Records from a dataset:

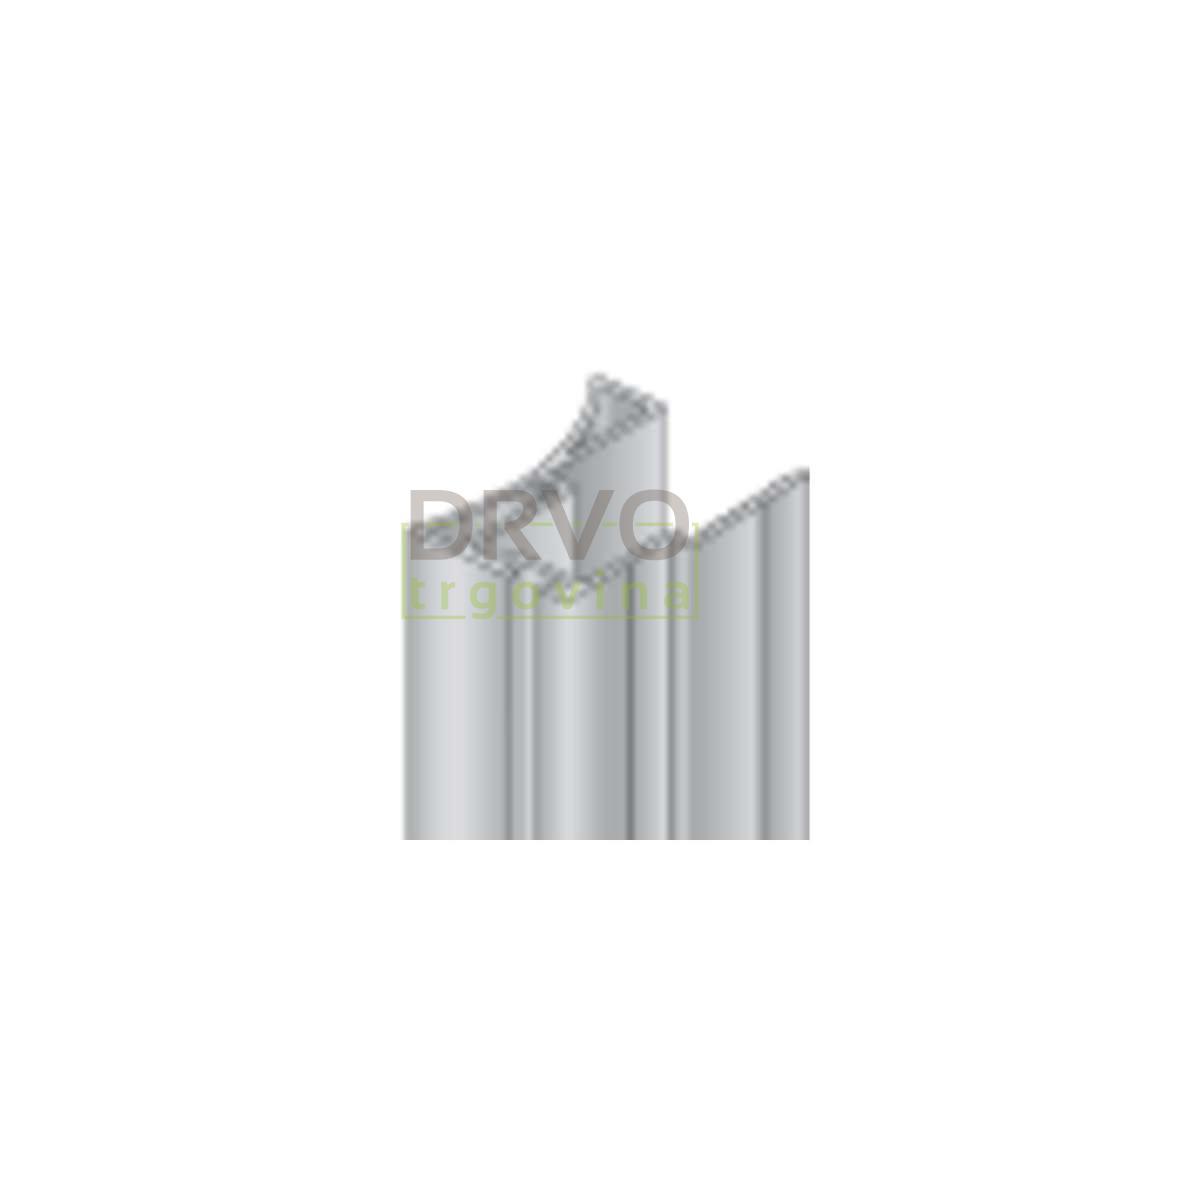 RUČKA SALU PROFILNA S14 2700mm 103335485
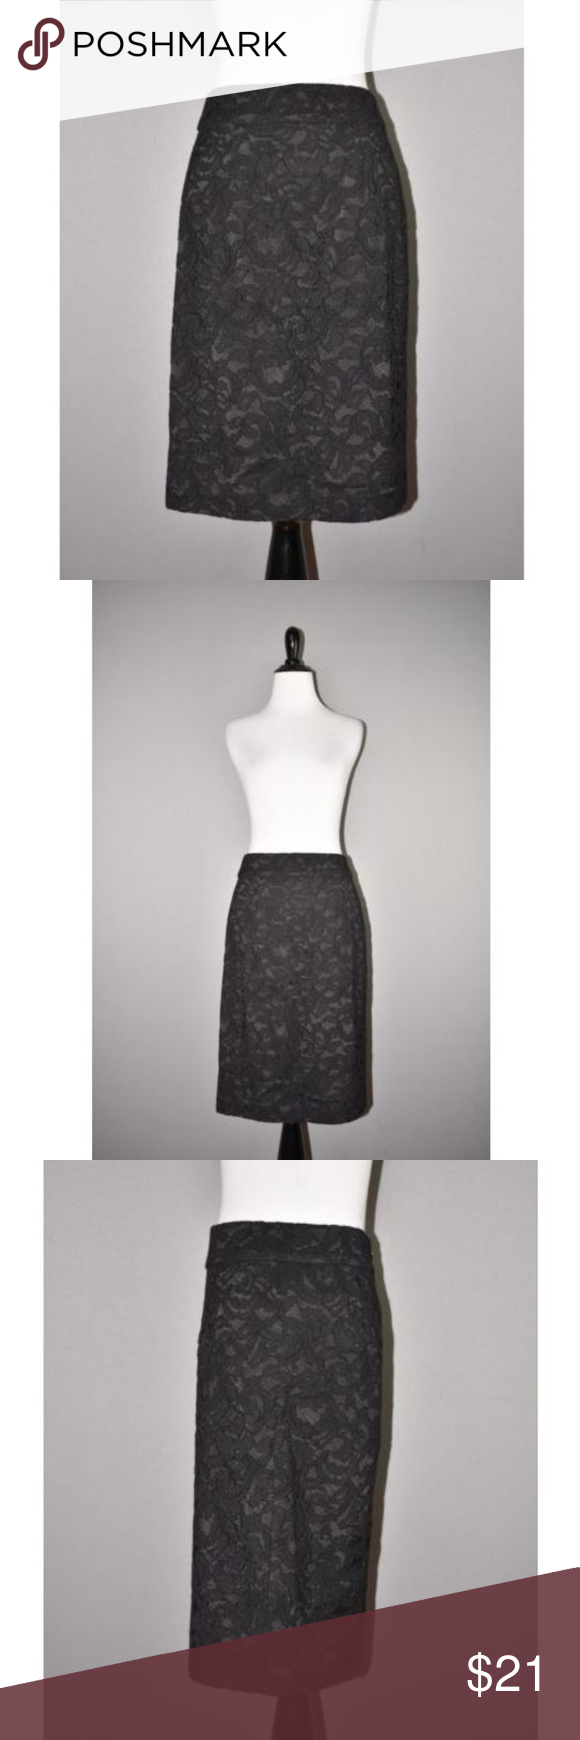 88b786505e BANANA REPUBLIC Lace Knee Length Pencil Skirt BANANA REPUBLIC NEW $70 Black  Lace Knee Length Pencil
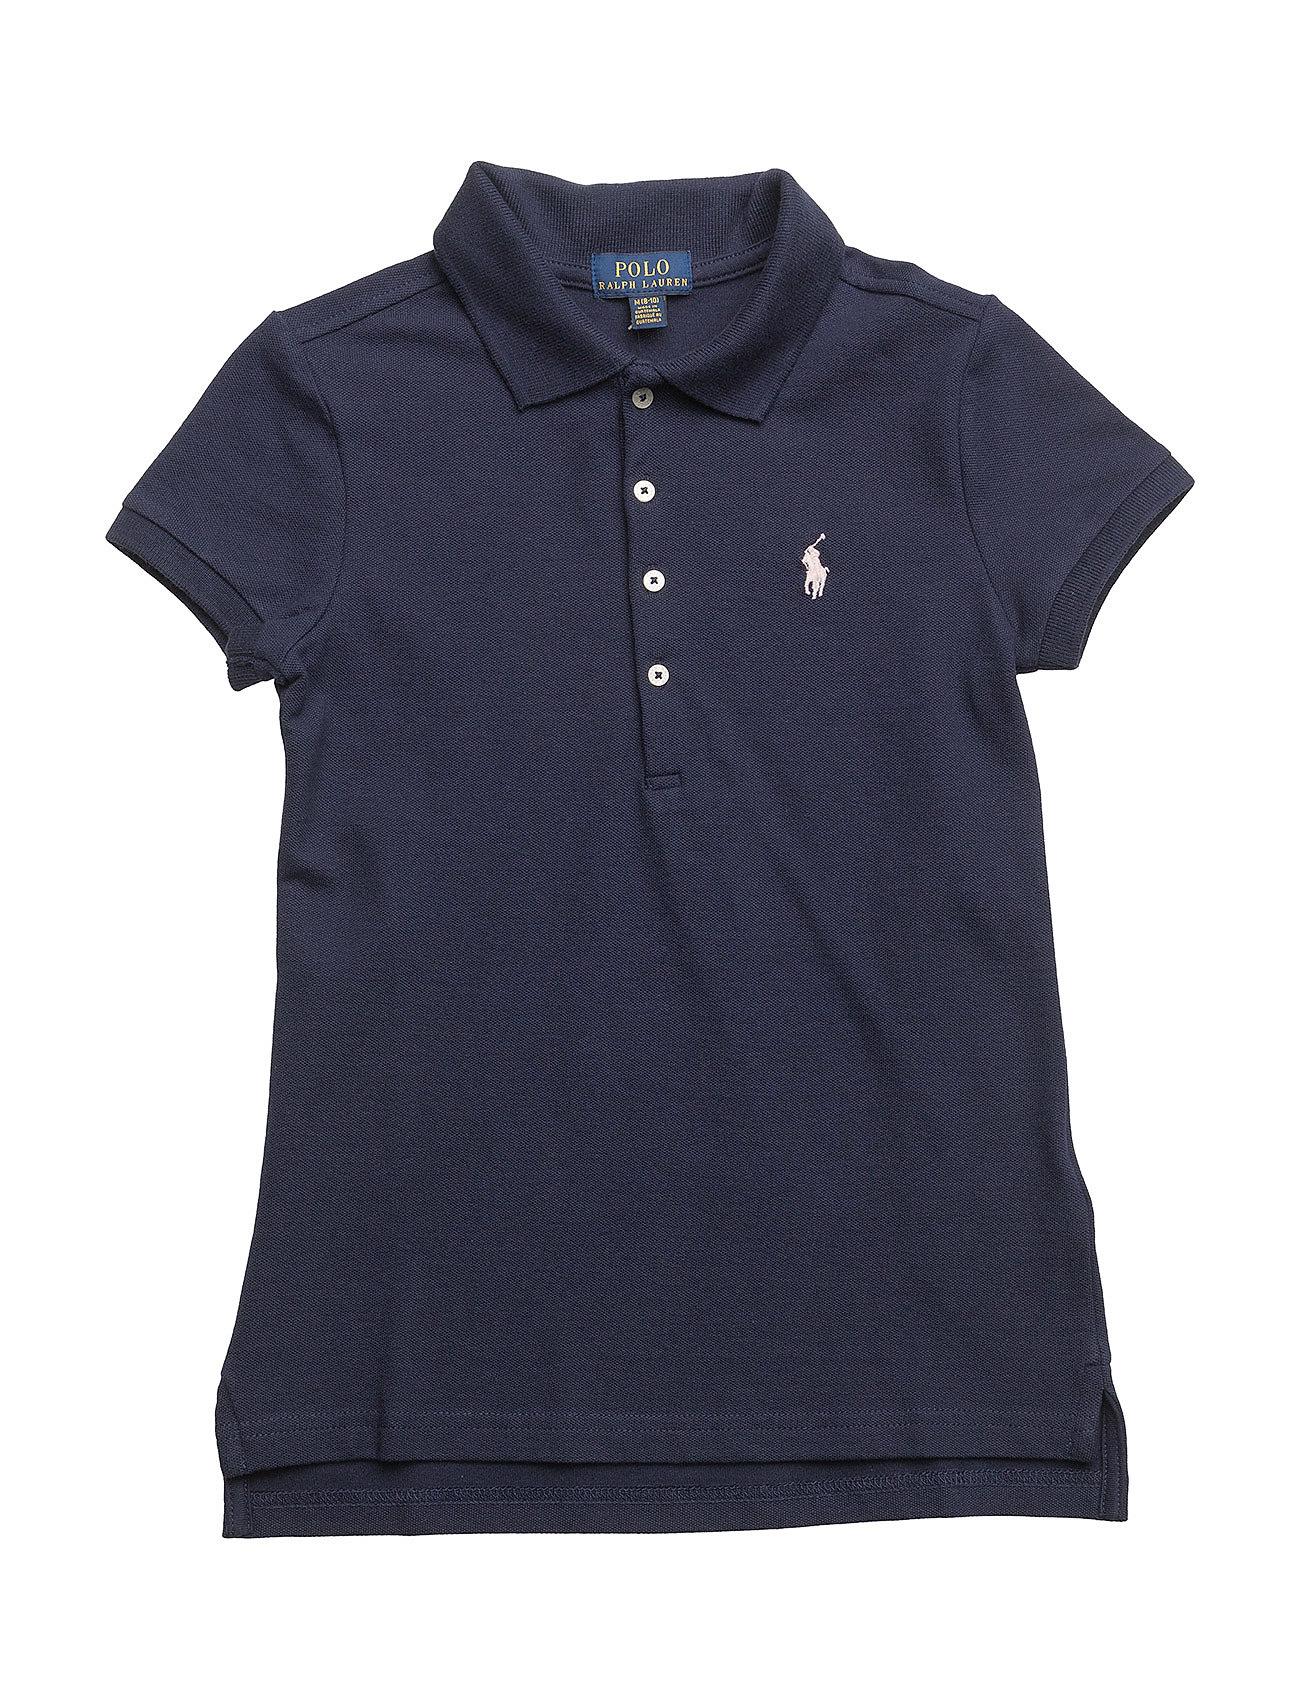 Ralph Lauren Kids Cotton Polo Shirt - FRENCH NAVY
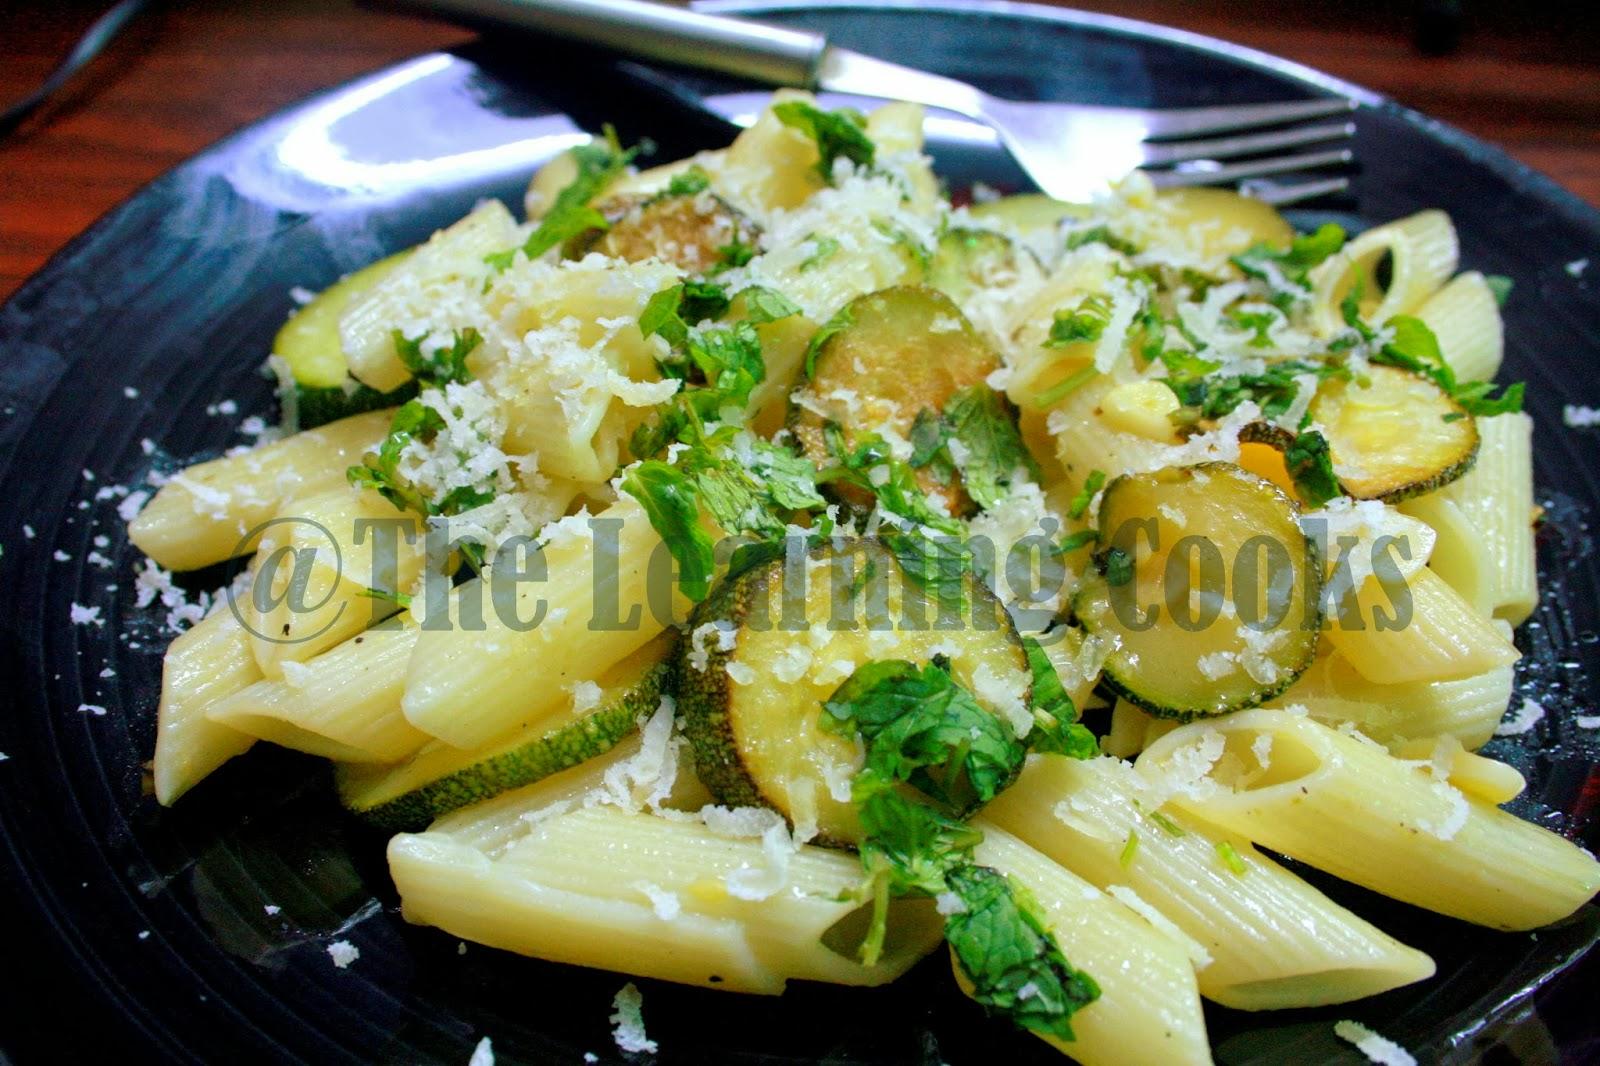 ... Cooks: Zucchini, Lemon & Mint Pasta ~ Easy & Light Pasta Recipe
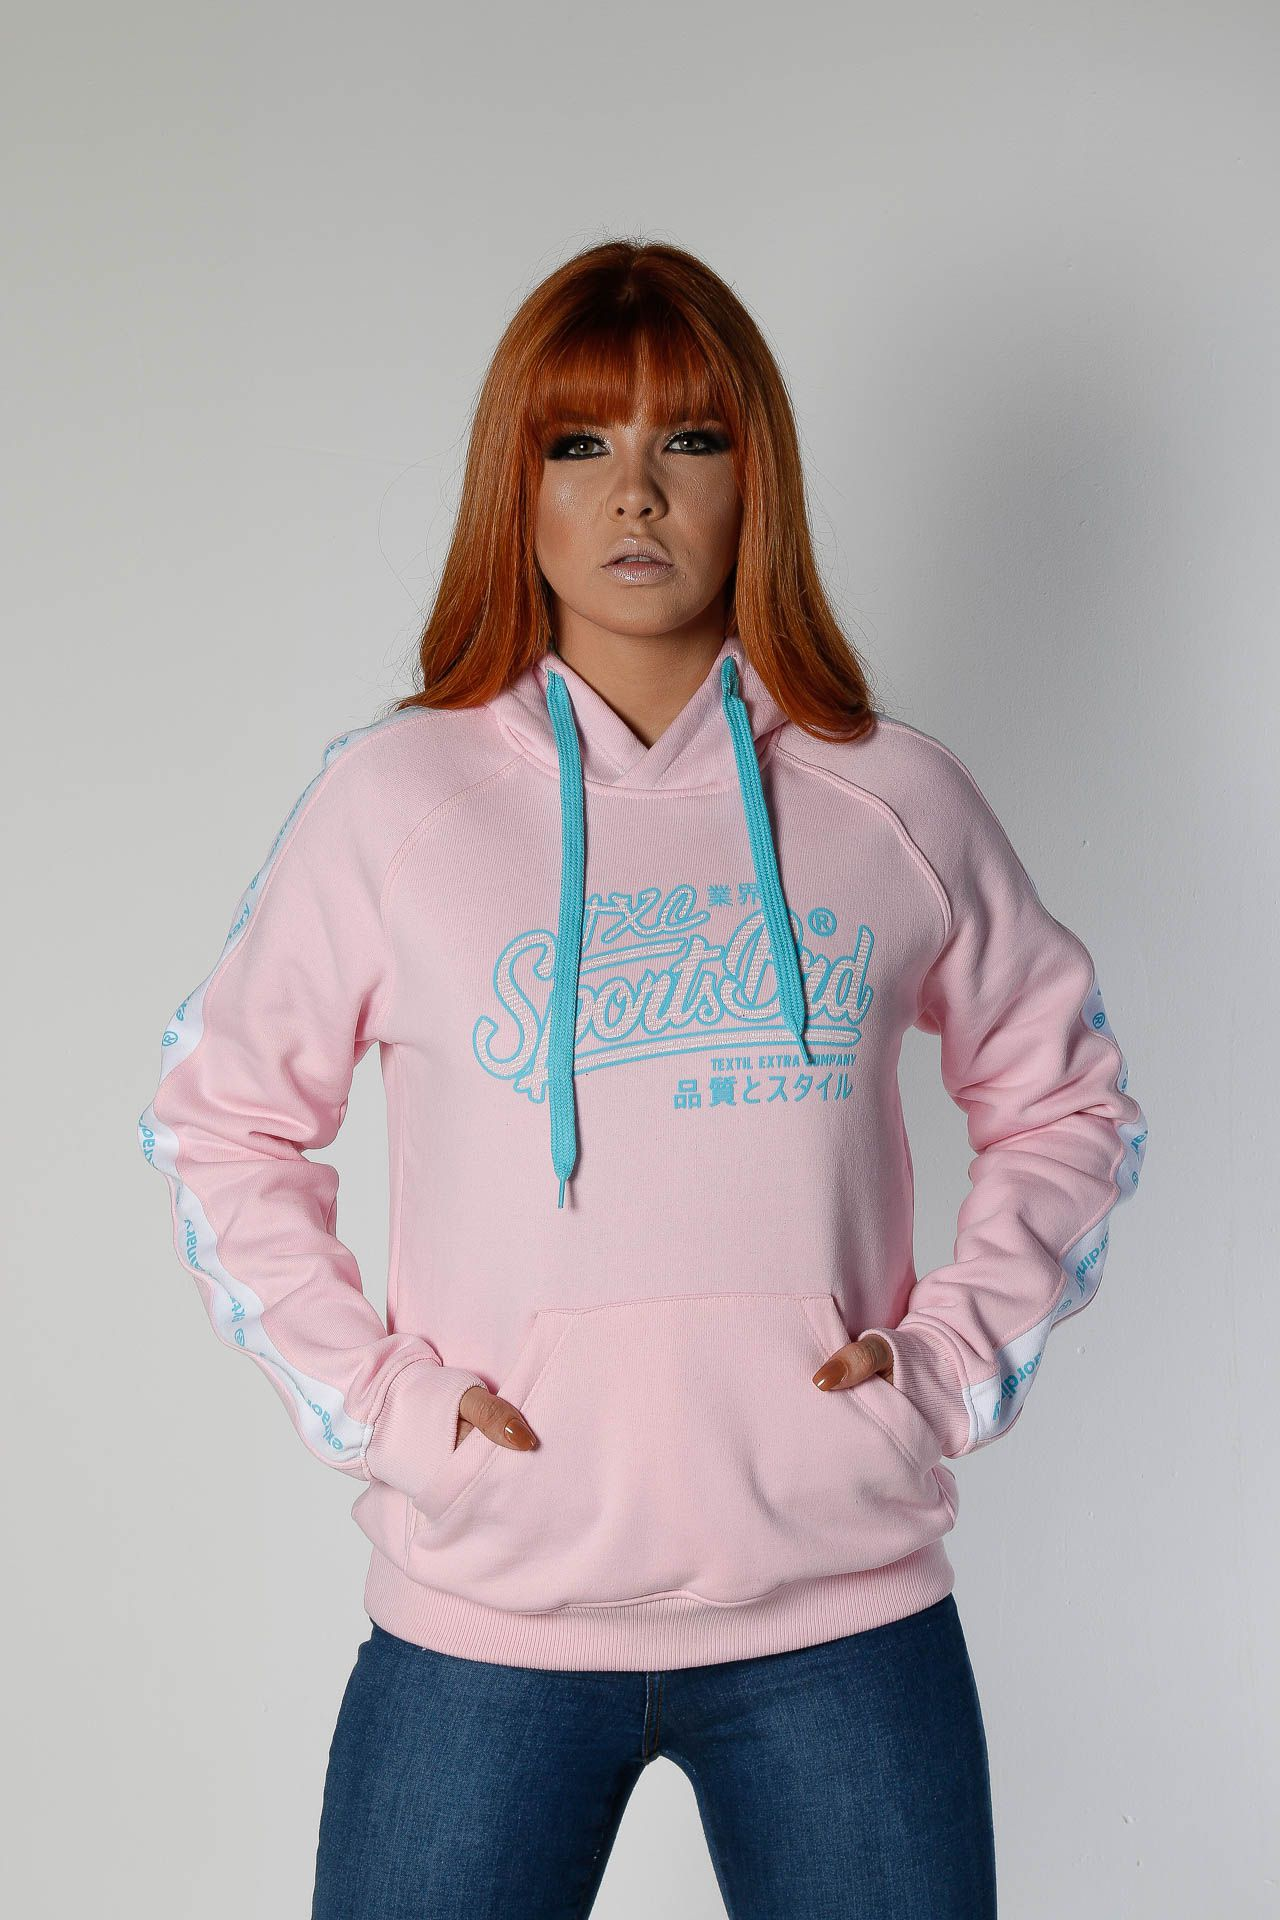 Moletom TXC Brand feminino 9040

▸ The problem: Once the pictures are removed, output the entries above exactly as given.

▸ Response area:
 RUČKA SALU PROFILNA S14 2700mm 103335485
 88b786505e BANANA REPUBLIC Lace Knee Length Pencil Skirt BANANA REPUBLIC NEW $70 Black  Lace Knee Length Pencil
 Ralph Lauren Kids Cotton Polo Shirt - FRENCH NAVY
 ... Cooks: Zucchini, Lemon & Mint Pasta ~ Easy & Light Pasta Recipe
 Moletom TXC Brand feminino 9040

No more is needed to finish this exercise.